Les ambulanciers, les pompiers et les policiers ont tous quelque chose en commun. Quand un danger se produit, tout le monde s’en écarte et court pour y échapper. Ils sont les seuls à courir vers lui. Ils sont les premiers sur place, à aider, à sauver, et servir les gens. Dans mon monde, « secouristes » signifie quelque chose d’un peu différent.
La première année après le diagnostic de l’autisme de mon fils –il y a cinq ans maintenant– était de loin l'une des plus difficiles de mon existence. La nouvelle nous a heurtés comme une voiture de plein fouet. Nous étions perdus, confus, et dans un sens, nous étions dans un état d’incompréhension : « que pouvons-nous faire ? ». Plus qu’autre chose, je me sentais seule. Je n’oublierais jamais la première personne qui s’est intéressée à notre cas, elle se prénommait Dana.
Elle fût la première à nous tendre la main. Elle avait également un fils autiste, et nous a dit que la première année serait sûrement la plus difficile…Mais elle nous a aussi dit de mieux nous renseigner sur la maladie. De trouver un thérapeute, une école, une ville, et notre propre chemin. Nous avons tout fait. Elle était notre première « secouriste ».
Plus tard, j’ai rencontré toutes ces personnes citées ci-dessous, qui ont été nos « secouristes ». La personne qui nous a tendu la main, celle qui est venu nous aider. Ceux qui dévouent leurs vies à leurs enfants et pour leur famille, comme nous. Comme Dana. Elle était la première secouriste. C’est quelque chose que l’on n’oublie jamais et, j’espère pouvoir un jour être la première secouriste de quelqu'un.
Le printemps revient, et la chaleur aussi. Je repense à l’été dernier. A cette petite fille nommée « Jade ». Nous habitions dans un appartement, où nous avions une piscine pour toute la résidence. Nous évitions la chaleur, la foule et pour être honnête, les regards également. Un jour à la piscine, un homme, après avoir regardé mon fils, a fait un signe à sa femme comme pour dire qu’il était fou, en faisant tourner son doigt sur sa tempe. Les gens se sont habitués à indiquer que quelqu’un est fou.
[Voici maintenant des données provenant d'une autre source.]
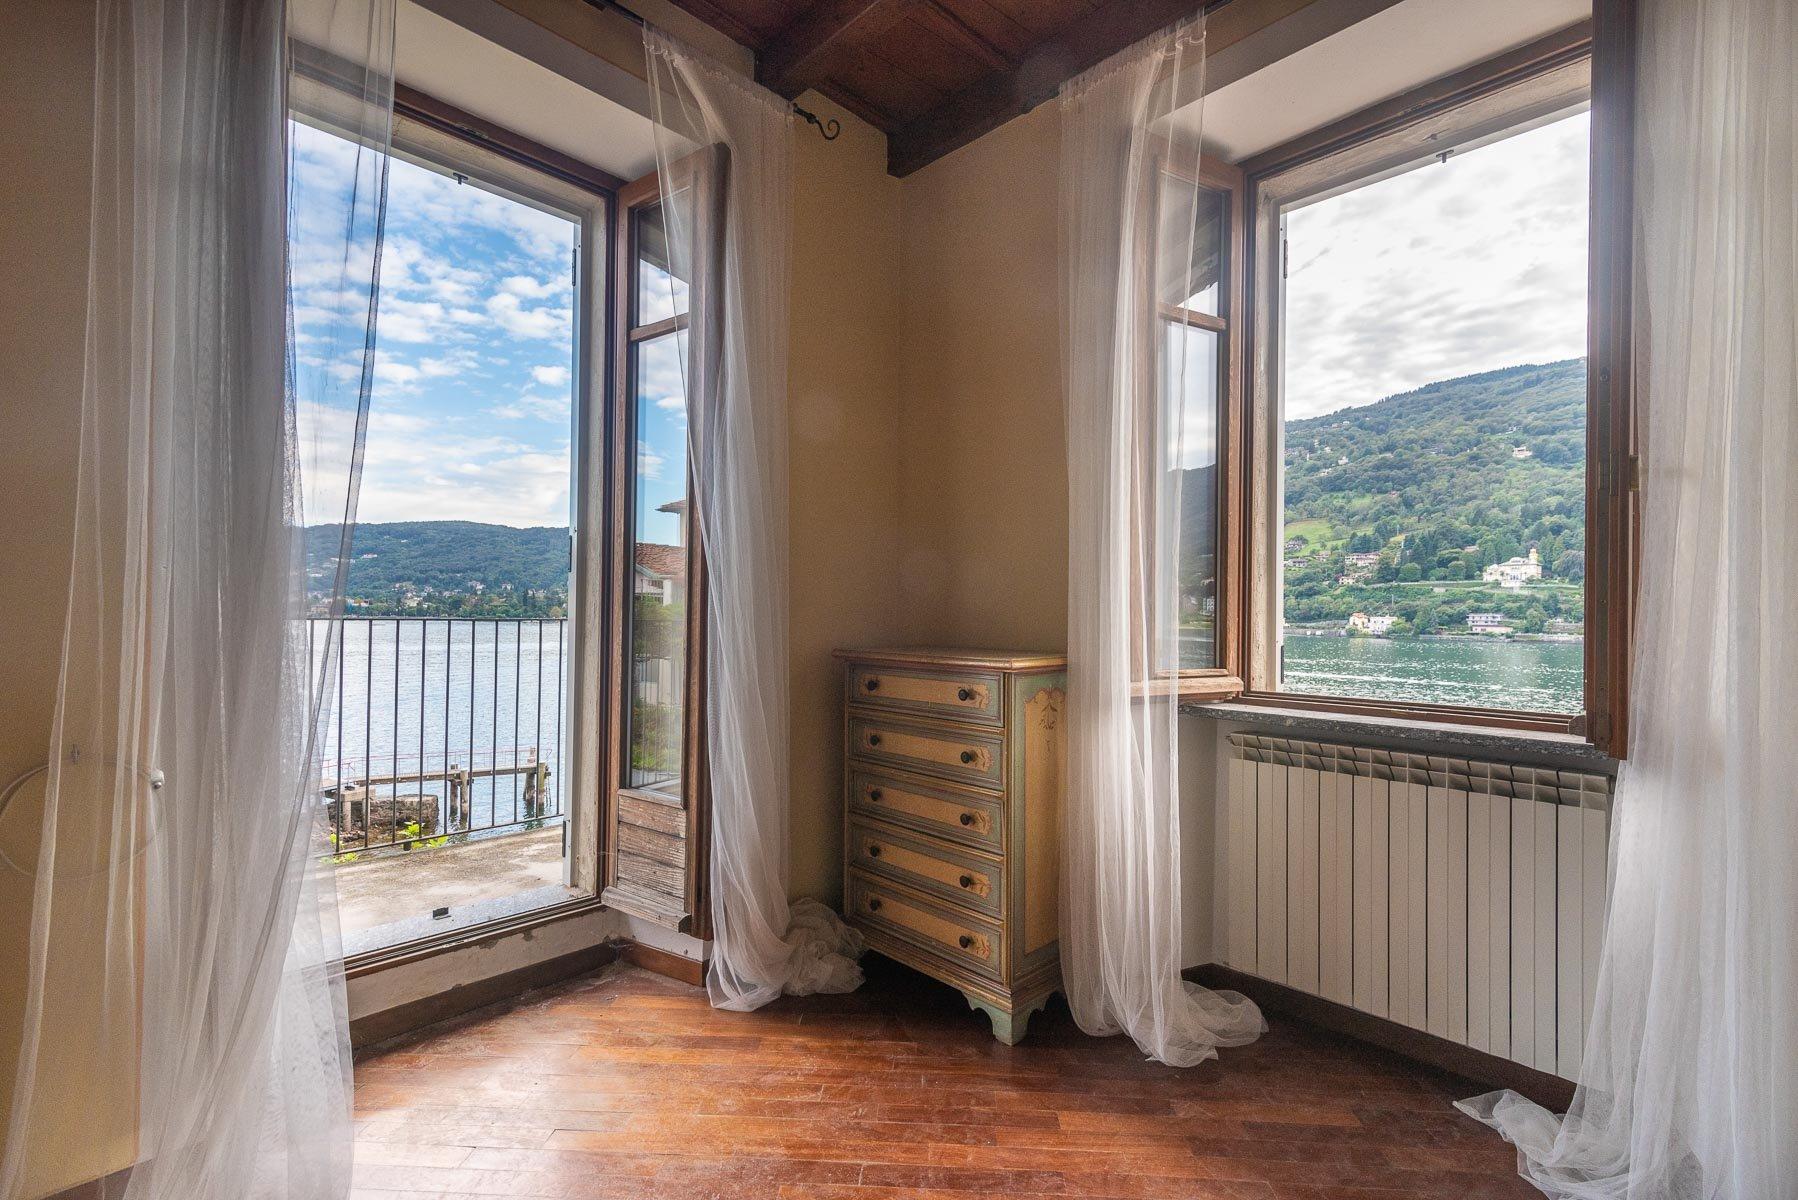 Appartamento in vendita sull'Isola Pescatori, Stresa-camera con vista

Cela arrive.
Je rentrais alors chez moi, en pensant à ce que j’aurais dû lui répondre, ou lui faire pour lui donner une leçon. Mais au lieu de ça, je me suis effondrée en sanglots en arrivant dans l’appartement. J’évitais alors la piscine le plus possible. Là-bas, les enfants ne jouaient jamais avec mon fils, d’autant plus quand, au bout de quelques minutes ils se rendaient compte qu’il était différent. Ils s’en allaient. Ils s’en allaient toujours.
Sauf une seule fois…
J’étais assise sur le bord de la piscine, à regarder mon fils sauter et jouer dans l’eau. Arriva Jade, âgée de 7 ou 8 ans, cheveux blonds, tâches de rousseur sur le nez, 20 kilos. C’est tout. Elle commença à s’approcher de lui. Elle lui parla, lui posa des questions, et comme toujours, il ne répondit pas. Seulement cette fois-ci, au lieu partir comme les autres enfants avant elle, elle resta. Elle me regarda, et me demanda « Est-ce qu’il parle ? ». Je répondis «Non, il ne parle pas ». Elle continua : « Est-il autiste ? ». Je n’allais pas lui mentir, la question me gênait un peu. Je n’étais pas sûre de savoir comment expliquer à une si jeune petite fille ce qu’était l’autisme.
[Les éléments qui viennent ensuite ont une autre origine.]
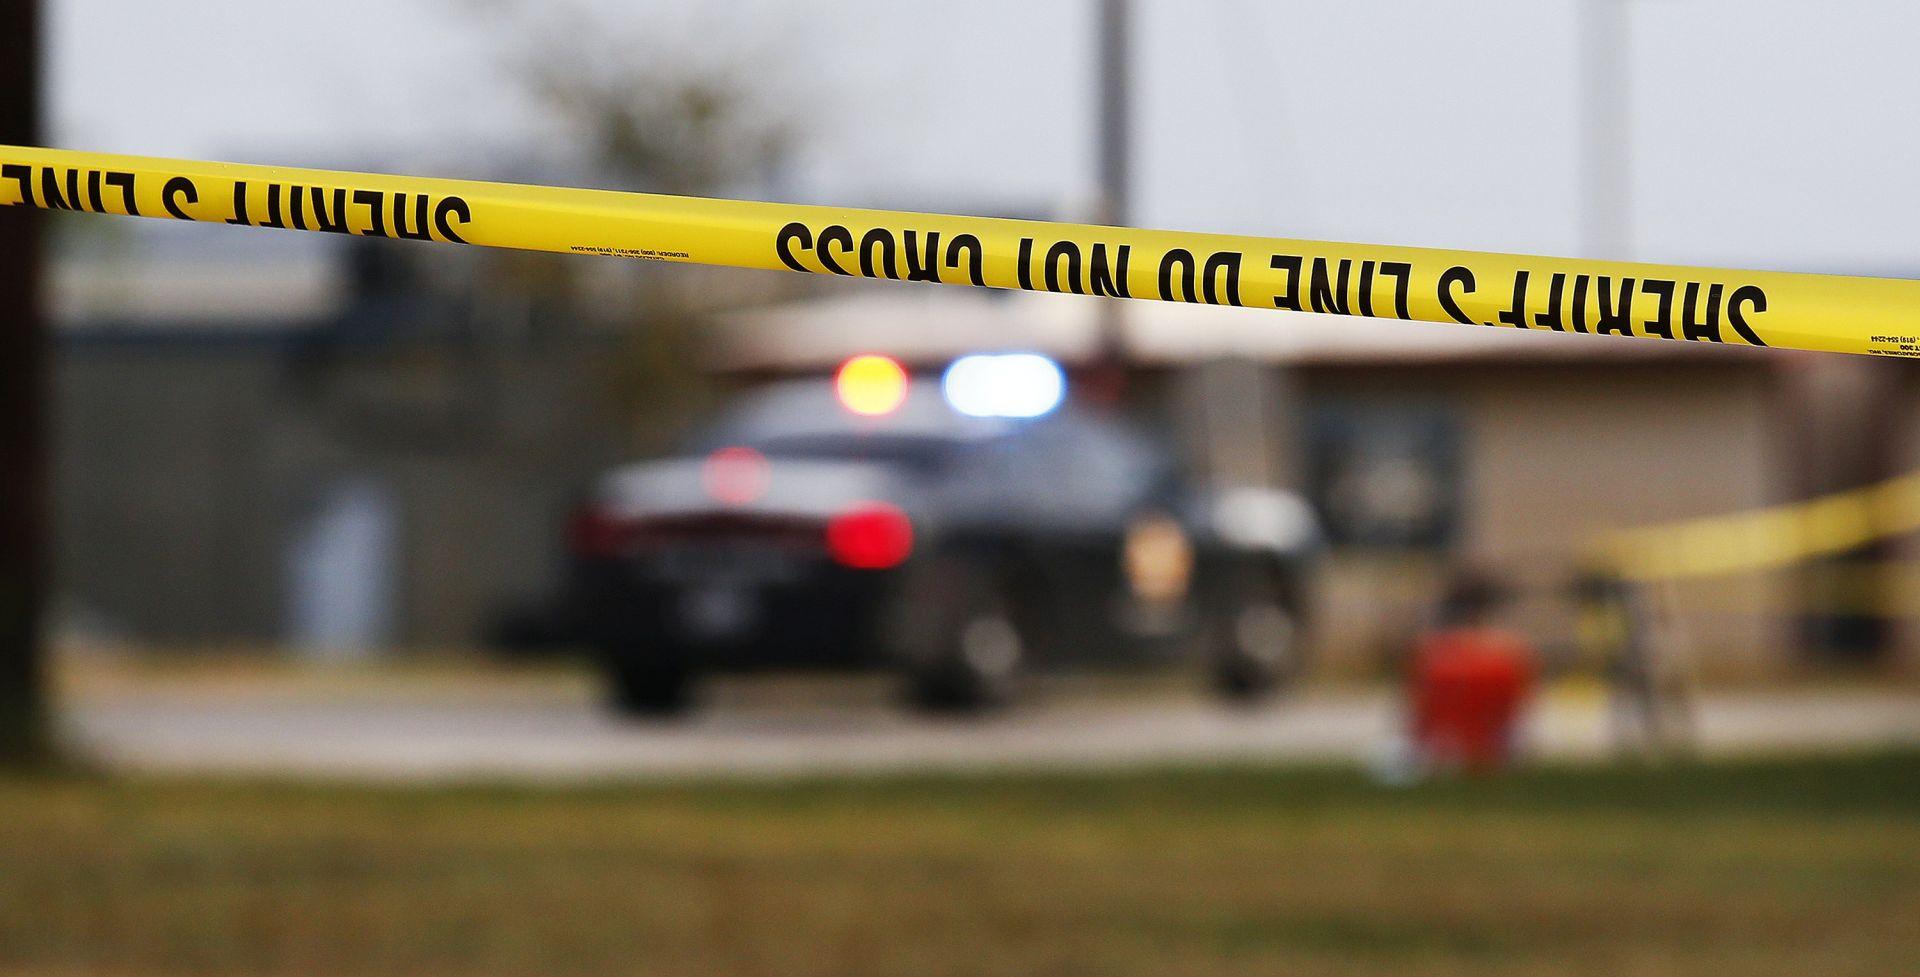 PRIZNALI PROPUST Američke zračne snage nisu prijavile ubojicu iz Teksasa u registar osuđenih kriminalaca

Ma réponse fût courte : « Oui, il l’est ». Elle se retourna alors et changea d’approche avec lui. Au lieu de lui poser des questions, elle commença à lui dire quoi faire. « Là, monte dans le bateau, je vais te pousser ». « Je vais te lancer la balle et tu l’attrapes d’accord ? » Wow. Etait-ce bien ce que j’étais en train de voir ? Mon fils était-il en train de jouer ? Mon fils avait-il finalement une amie ? Pendant vingt minutes, jusqu'à ce que la petite fille doive partir, je regardais ces deux enfants jouer ensembles, et pour la première fois, l’un d’entre eux était le mien. Par miracle, j’avais des lunettes de soleil, parce que j’étais une fontaine. Mes larmes ne pouvaient s’empêcher de couler, de joie.
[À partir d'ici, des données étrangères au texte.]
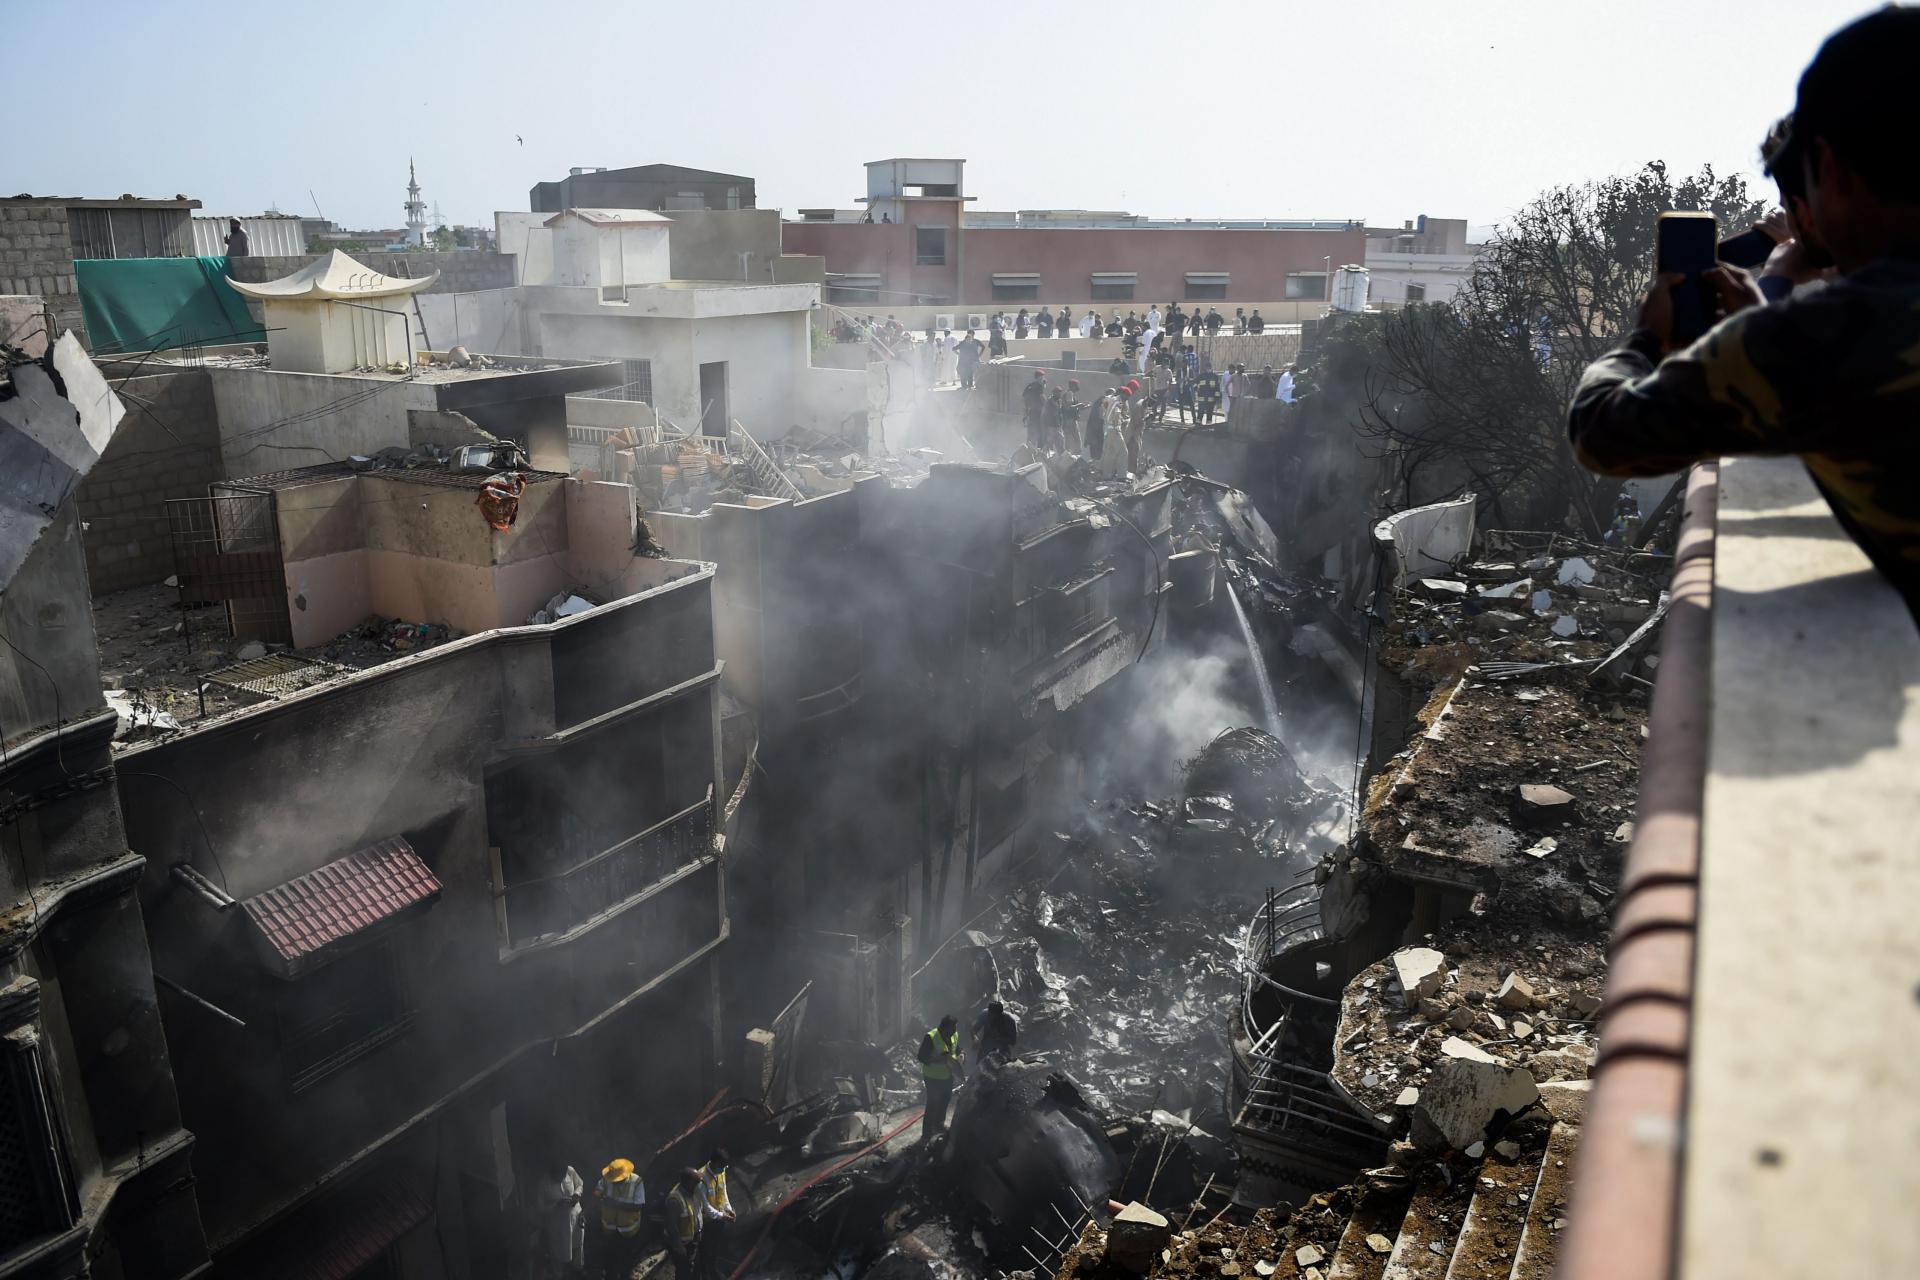 Samo dvoje preživjelih, 97 poginulih u zrakoplovnoj nesreći u Pakistanu. Zrakoplov nije uspio spustiti kotače prilikom slijetanja?

Si j'avais arrêté de m'aventurer à la piscine à cause de cet homme montrant du doigt mon fils, j’aurais raté deux choses formidables. La première étant celle-là : en vingt minutes, Jade avait réalisé une chose que j’attendais de voir depuis six ans. Mon fils, le MIEN, jouer avec un ami ! La deuxième chose dont j’ai été témoin, était tout aussi surprenante : en cette chaude journée de vacances, j’ai vu une « secouriste » naître. Et ça, c’est quelque chose que l’on n’oublie jamais.